Open tirrolo opened 3 years ago
Hi @tirrolo ,
That's an interesting problem.
According to R2RML, section 7.3, if an argument of a template is null, the template value becomes null, whether it is an IRI template or something else.
Do you know if the Direct Mapping specification suggests something for this situation?
One first idea from my side would be to use a COALESCE in the source part of the mapping assertion so as to replace the null value by a default value (e.g. the 'null' string). This may be imperfect since multiple rows could produce the same bnode, which I don't know if it is tolerated by the Direct Mapping specification or not.
Best, Benjamin
Hi Benjamin, Davide
The Direct Mapping specification (https://www.w3.org/TR/rdb-direct-mapping/#no-pk) does not prescribe any way of creating blank nodes (no template), it merely says that each row of the table should get a fresh blank node assigned to it. This makes perfect sense, but it means that we need some sort of surrogate ID in that case. However, all attributes, as Davide highlights, cannot be used as such an ID - a row number is required instead, but that makes it difficult to support it in general. DBMSs use various ways of producing row IDs, and keeping those IDs consistent for references (https://www.w3.org/TR/rdb-direct-mapping/#ref-no-pk) may even be impossible.
A practical solution could be using COALESCE(TYPE2TXT(column), 'NULL'), but that will be close to the weird treatment of NULLs in early MS SQL Server, where all NULLs in any given column were "equal" (so, a UNIQUE nullable column could contain at most one NULL).
Best Roman
Hi,
Thanks Roman for the explanation. We encounter here the same difficulties as with the request for supporting anonymous blank nodes in the mapping (#372, not part of R2RML).
Unfortunately, the practical solution based on COALESCE we are having in mind does not comply with the Direct Mapping specification. The approach of row ids seems to be a better way, but indeed hard to support as DBMSs handle them in very different ways, when they provide this feature.
Best, Benjamin
Following our online discussion this morning, the Ontop bootstrapper does and will not align itself with the Direct Mapping spec, but with the default mapping mechanism of R2RML (https://www.w3.org/TR/r2rml/#default-mappings). We should made explicit that duplicate rows are not preserved.
In that setting, it should be OK to replace nulls by default values using coalesce. That will be the responsibility of the bootstrapper, not of the R2RML mapping processor. The choice of default values should be made configurable.
One idea of having one single default value to specify: casting all arguments of the template to string before applying the coalesce.

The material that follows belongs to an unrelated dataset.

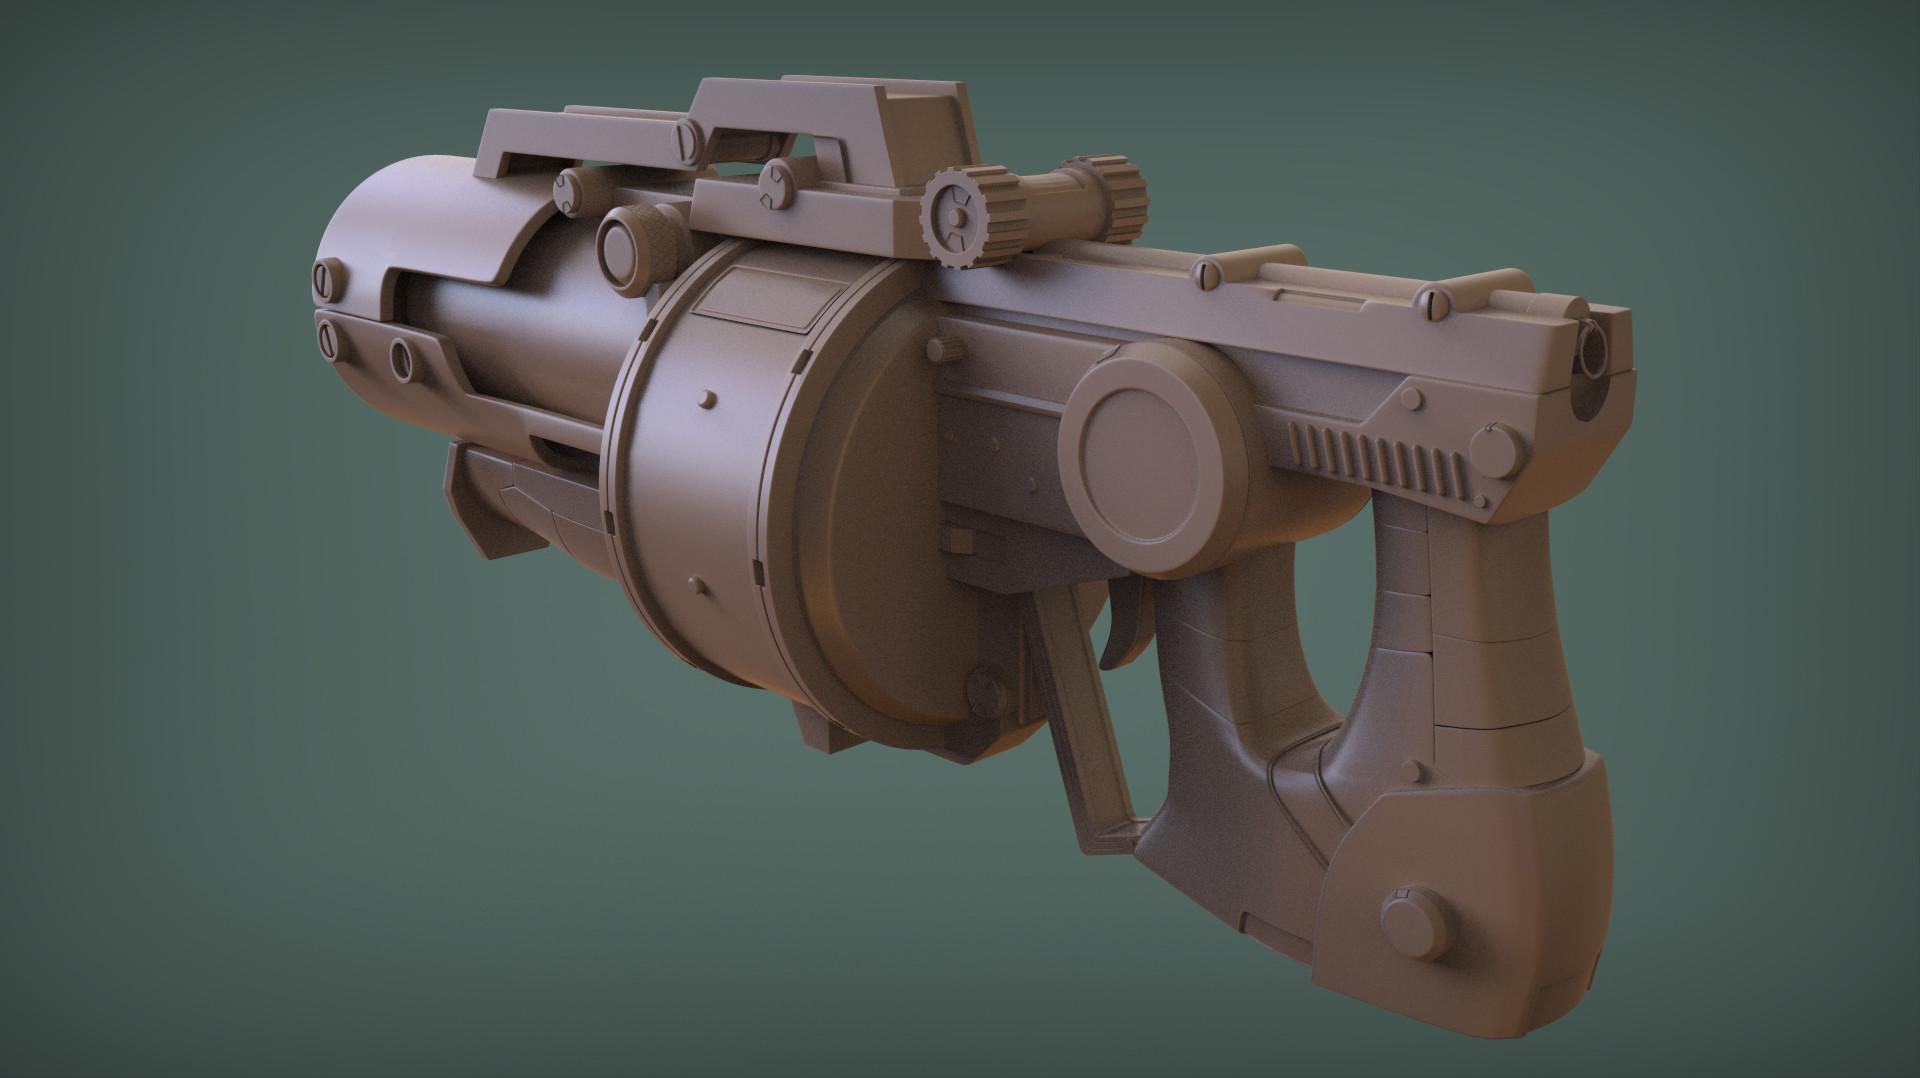 Alexander gonzalez alexander gonzalez gun 002 4

That's precisely what I wrote above, with COALESCE(TYPE2TXT(column), 'NULL'). I mentioned it's weird, but actually it's not that bad: the template will contain all columns, so, the only effect of this COALESCE is indeed elimination of duplicate rows.
To properly deal with duplicate rows, we'll need to extend the SQLParser to understand the "pseudo-columns" like ROWID (which will make it more dependant on the SQL dialect, which is probably inevitable at some stage anyway).
Yes guys, I can handle this in the way you suggest (i.e., ignore rowids) in the new bootstrapper branch, because I have a configuration file there. However I am not sure at all we will eventually want to merge that into Ontop: that bootstrapper is getting quite complex and for such reason I was in fact thinking of taking it out of the Ontop codebase. For sure, before considering any merging, it requires a substantial refactoring effort (I have spent the latest months in rushing adding new features, and as a result the code looks ugly).
Description
Whenever a table without primary key is encountered, the Ontop bootstrapper will generate a bnode template comprising all attributes of the table. However, if such table contain null values, then this means that no output rdf triple will be generated by ontop materialize with respect to rows containing nulls (this seems to follow the mechanics adopted for URIs, that cannot be constructed out of null values... however bnodes templates should be treated differently than URI templates, since bnodes are not URIs).
Steps to Reproduce
1) Create the DB "bootstrapper-tests-bnode" (already on obdalin) with the following definition:
Bootstrap the ontology and mappings. For your convenience, here they are:
Ontology:
Mapping:
3) Run Ontop materialize:
./ontop materialize -p onto/bnodes/bnodes.properties -m onto/bnodes/bnodes.obda -t onto/bnodes/bnodes.owl -o bnodes.ttl
Expected behavior: Some non-empty output
Actual behavior: Empty RDF file.
Reproduces how often: Always
Attached material
Everything is provided above.
Versions
Ontop CLI 4.0.3
Additional Information
Any additional information, configuration or data that might be necessary to reproduce the issue.